Search code examples
pythonweb-scrapingbeautifulsoup

How to use BeautifulSoup to scrape links in a html


I need download few links in a html. But I don't need all of them, I only need few of them in certain section on this webpage. For example, in http://www.nytimes.com/roomfordebate/2014/09/24/protecting-student-privacy-in-online-learning, I need links in the debaters section. I plan to use BeautifulSoup and I looked the html of one of the links:

<a href="/roomfordebate/2014/09/24/protecting-student-privacy-in-online-learning/student-data-collection-is-out-of-control" class="bl-bigger">Data Collection Is Out of Control</a>

Here's my code:

r = requests.get(url)
data = r.text
soup = BeautifulSoup(data)
link_set = set()
for link in soup.find_all("a", class = "bl-bigger"):
    href = link.get('href')
    if href == None:
        continue
    elif '/roomfordebate/' in href:
        link_set.add(href)    
for link in link_set:
    print link 

This code is supposed to give me all the links with bl-bigger class. But it actually returns nothing. Could anyone figure what's wrong with my code or how to make it work? Thanks


Solution

  • I don't see bl-bigger class at all when I view the source from Chrome. May be that's why your code is not working?
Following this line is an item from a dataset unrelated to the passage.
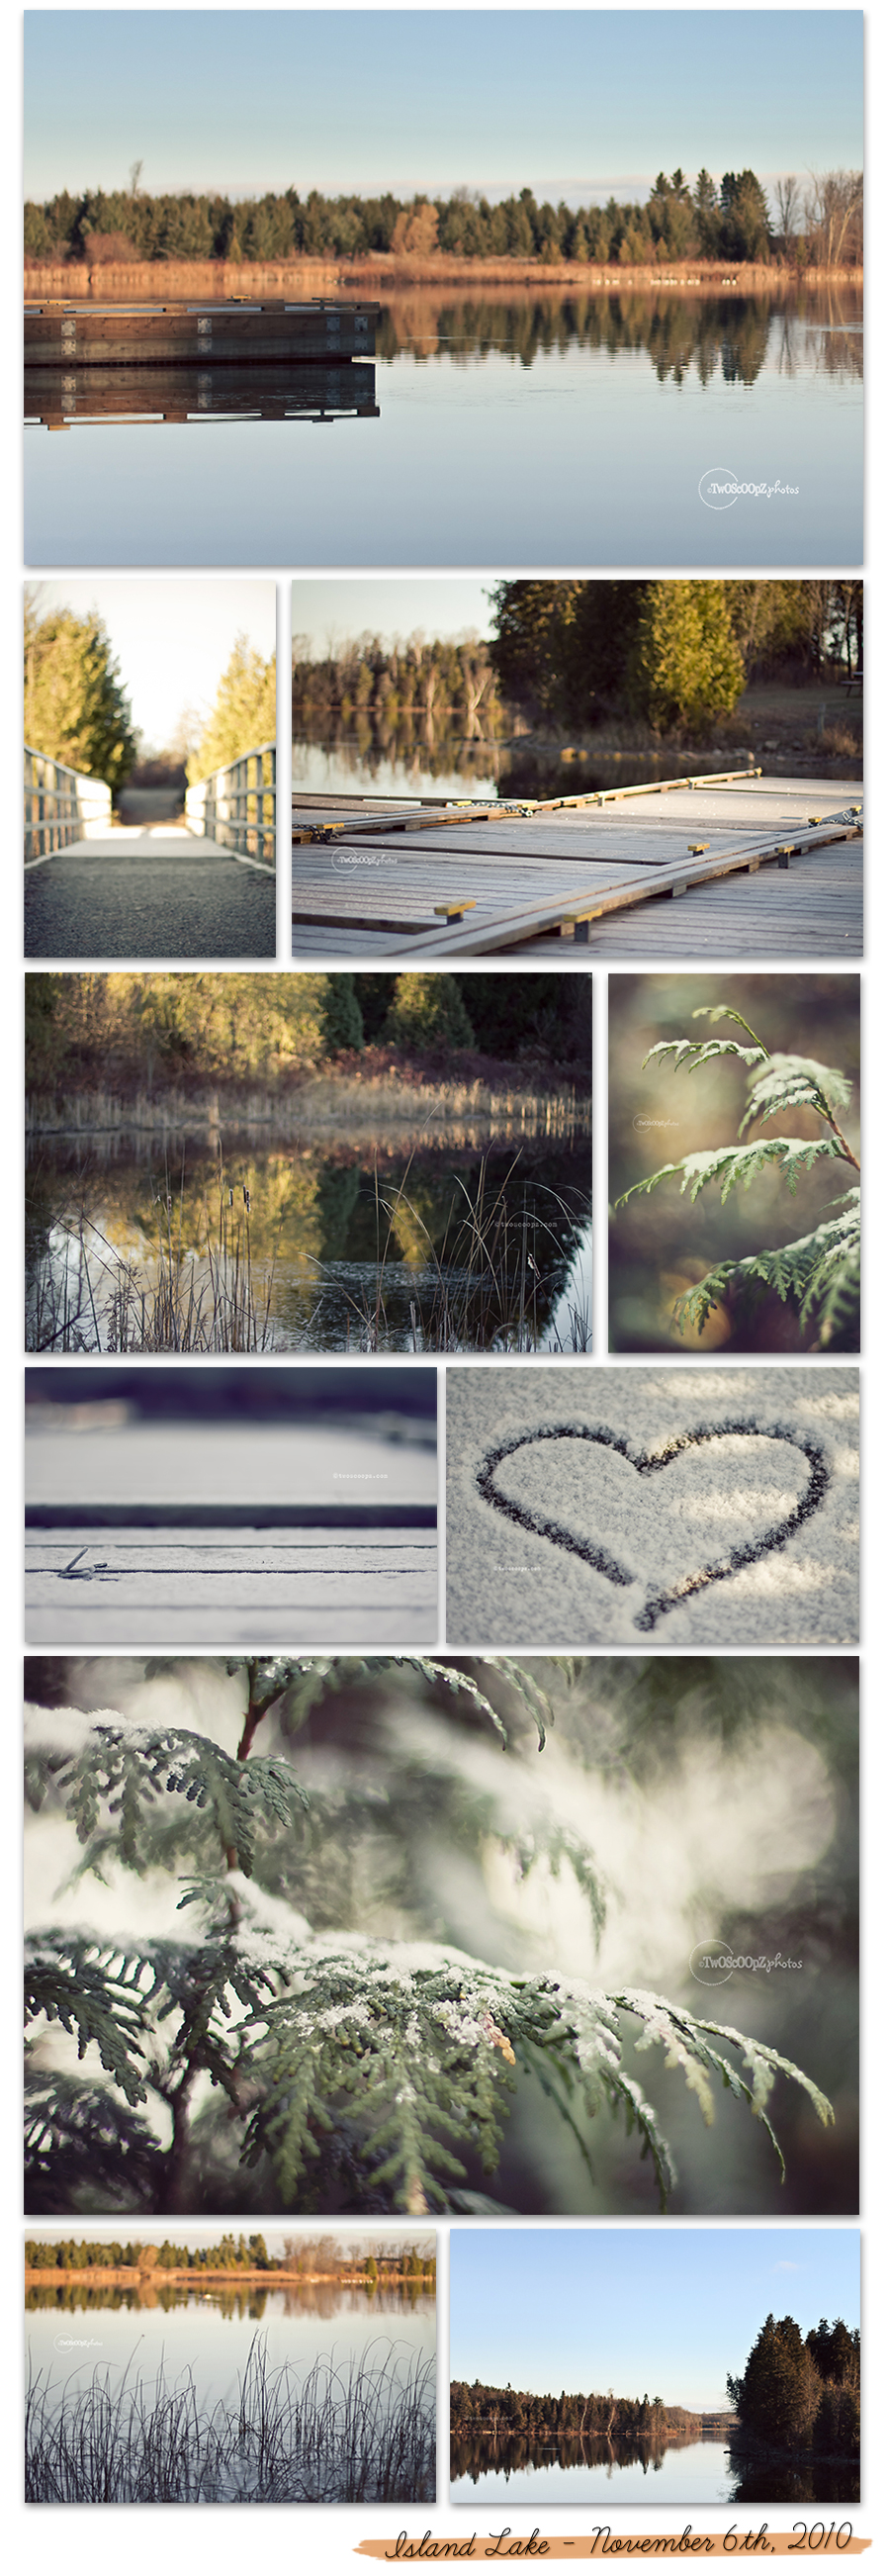 day310 - Island Lake - blog page

    Lets start looking at the source. The whole Debaters section seems to be put within div with class nytint-discussion-content. So using BeautifulSoup, lets get that whole div first.

    debaters_div = soup.find('div', class_="nytint-discussion-content")
    

    Again learning from the source, seems all the links are within a list, li tag. Now all you have to do is, find all li tags and find anchor tags within them. One more thing you can notice is, all the li tags have class nytint-bylines-1.

    list_items = debaters_div.find_all("li", class_="nytint-bylines-1")
    list_items[0].find('a')
    # <a href="/roomfordebate/2014/09/24/protecting-student-privacy-in-online-learning/student-data-collection-is-out-of-control">Data Collection Is Out of Control</a>
    

    So, your whole code can be:

    link_set = set()
    response = requests.get(url)
    html_data = response.text
    soup = BeautifulSoup(html_data)
    debaters_div = soup.find('div', class_="nytint-discussion-content")
    list_items = debaters_div.find_all("li", class_="nytint-bylines-1")
    
    for each_item in list_items:
        html_link = each_item.find('a').get('href')
        if html_link.startswith('/roomfordebate'):
            link_set.add(html_link)
    

    Now link_set will contain all the links you want. From the link given in question, it will fetch 5 links.

    PS: link_set contains only uri and not actual html addresses. So I would add http://www.nytimes.com at start before adding those links to link_set. Just change the last line to:

    link_set.add('http://www.nytimes.com' + html_link)